| Requirement |
Exactly the lines from the one holding "Origins And Doctrine" through the last line of the listing below must appear in the answer, and no pictures.

*** Opening of Source data ***

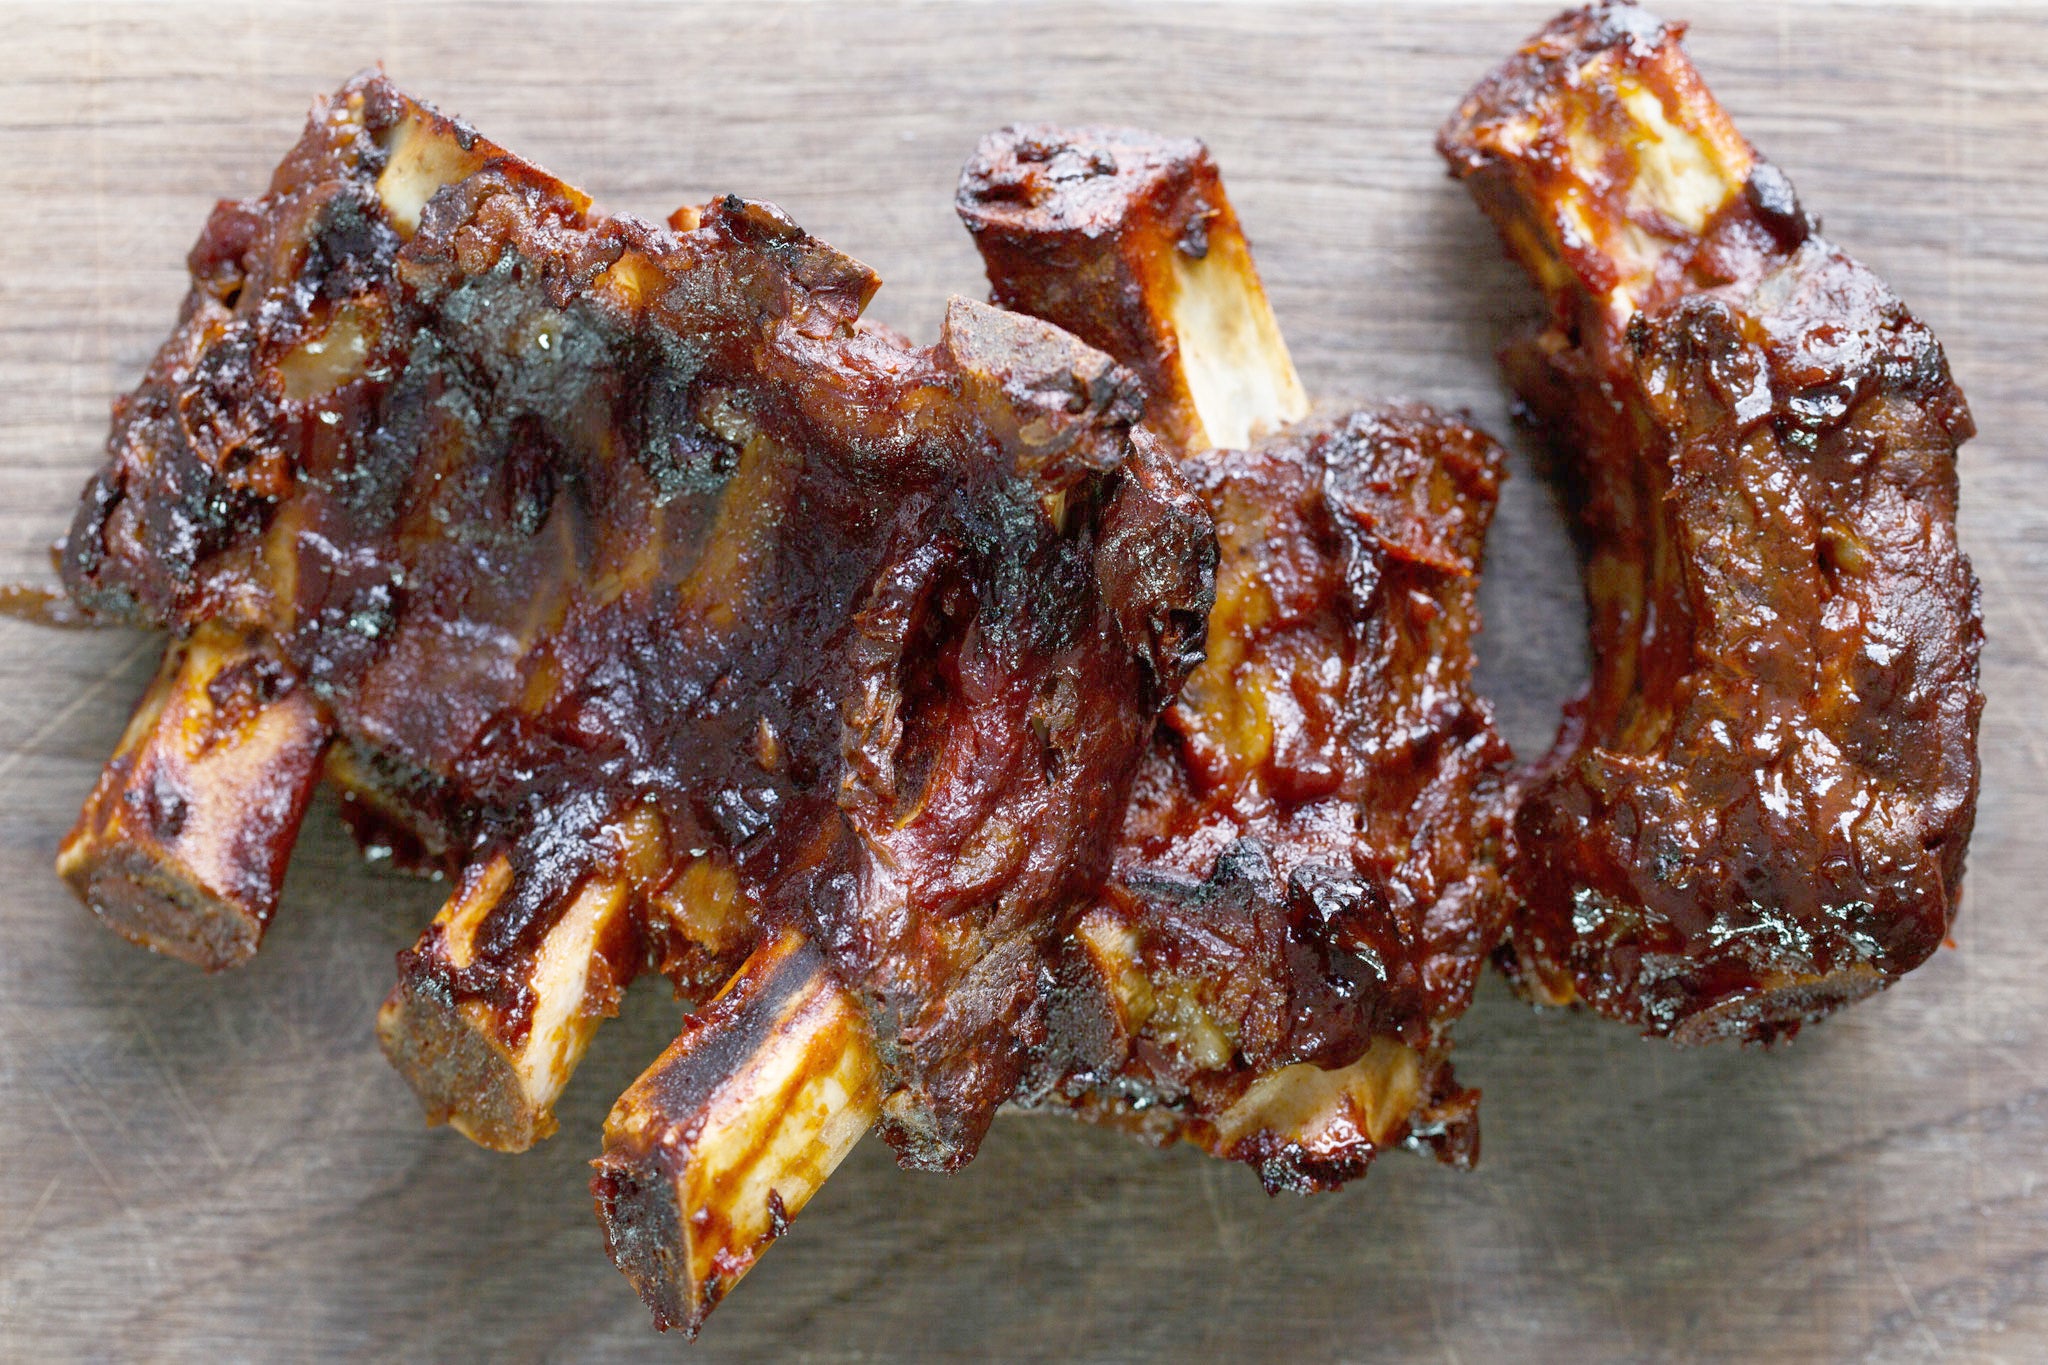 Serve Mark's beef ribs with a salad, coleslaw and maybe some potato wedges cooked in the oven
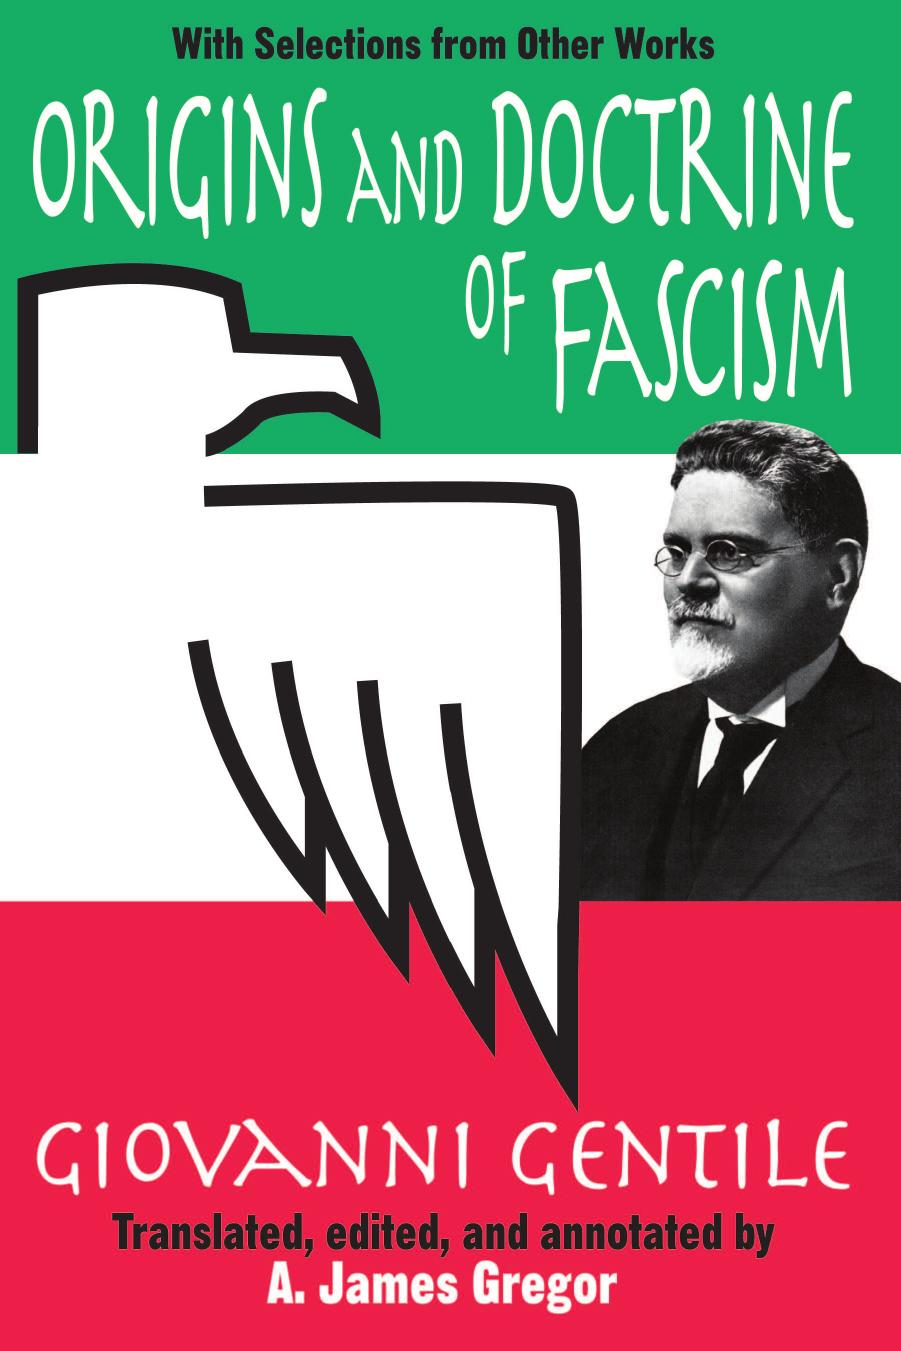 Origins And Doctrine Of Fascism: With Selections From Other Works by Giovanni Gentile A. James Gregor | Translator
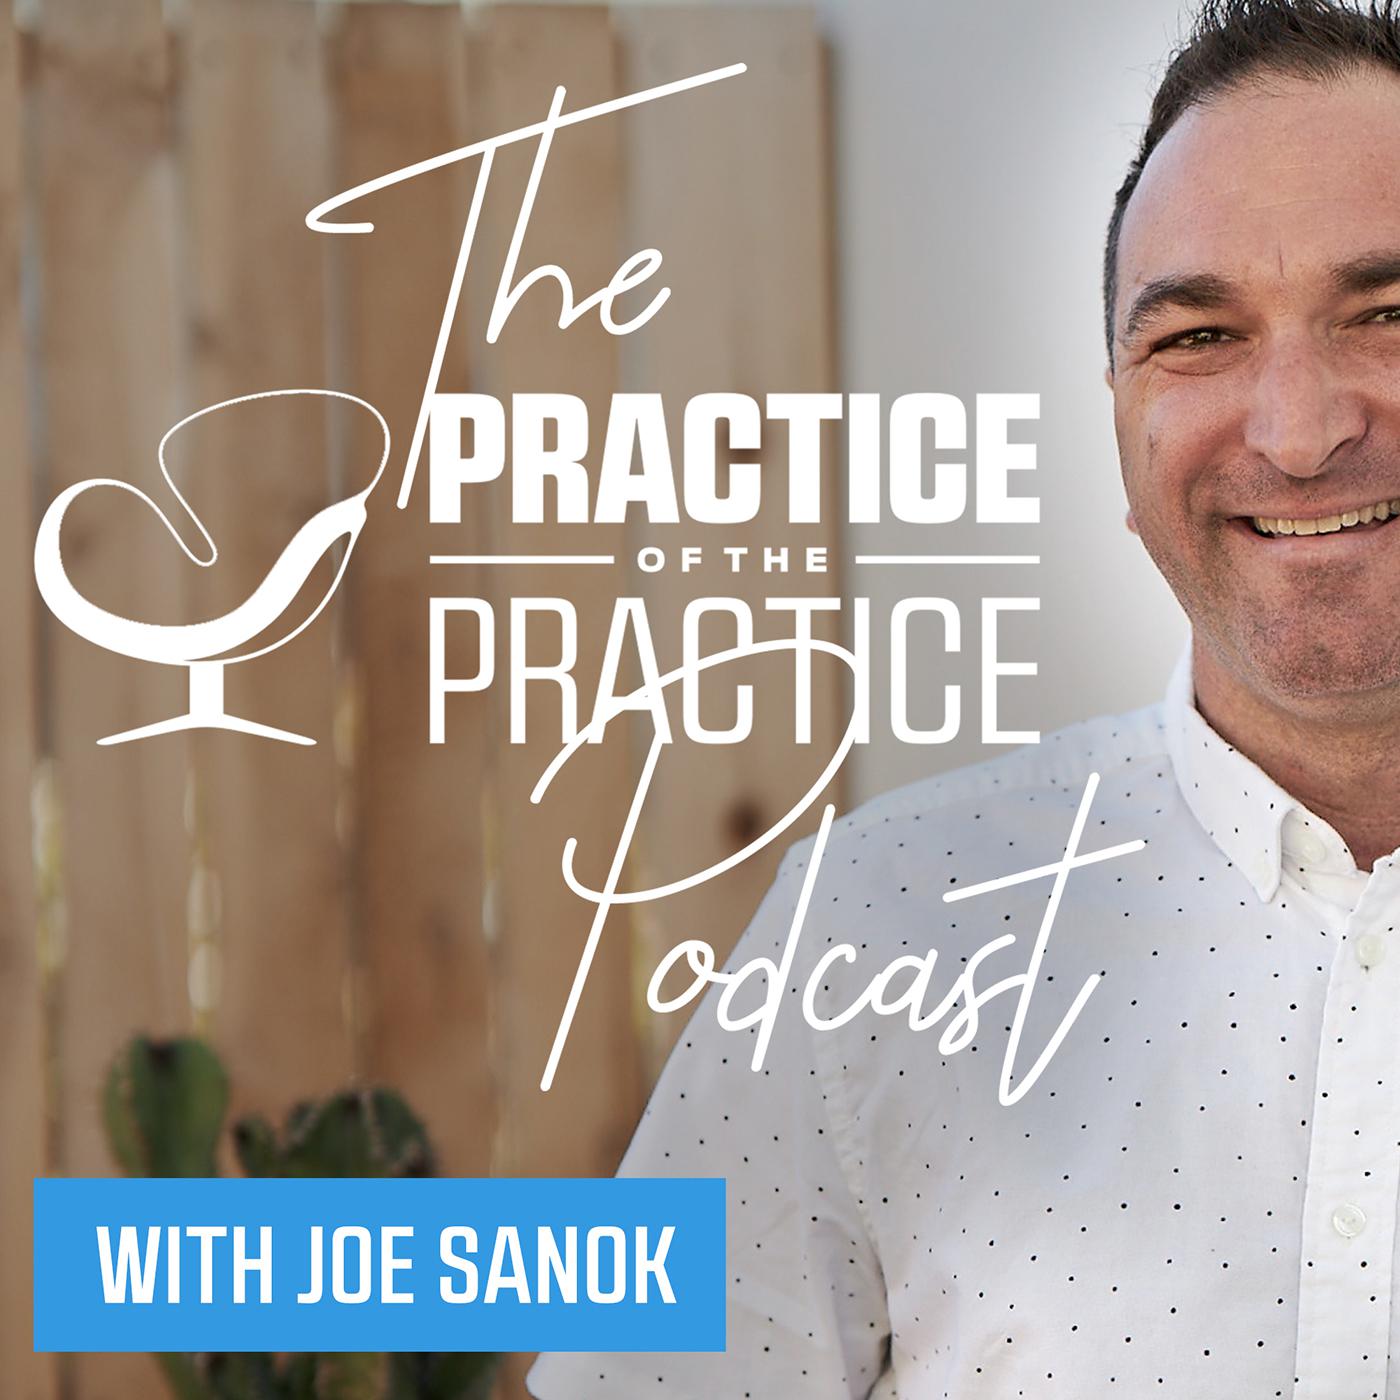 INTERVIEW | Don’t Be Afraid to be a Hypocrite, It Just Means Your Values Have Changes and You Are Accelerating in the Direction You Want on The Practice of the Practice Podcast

*** Close of Source data ***

| Answer |
 Origins And Doctrine Of Fascism: With Selections From Other Works by Giovanni Gentile A. James Gregor | Translator
 INTERVIEW | Don’t Be Afraid to be a Hypocrite, It Just Means Your Values Have Changes and You Are Accelerating in the Direction You Want on The Practice of the Practice Podcast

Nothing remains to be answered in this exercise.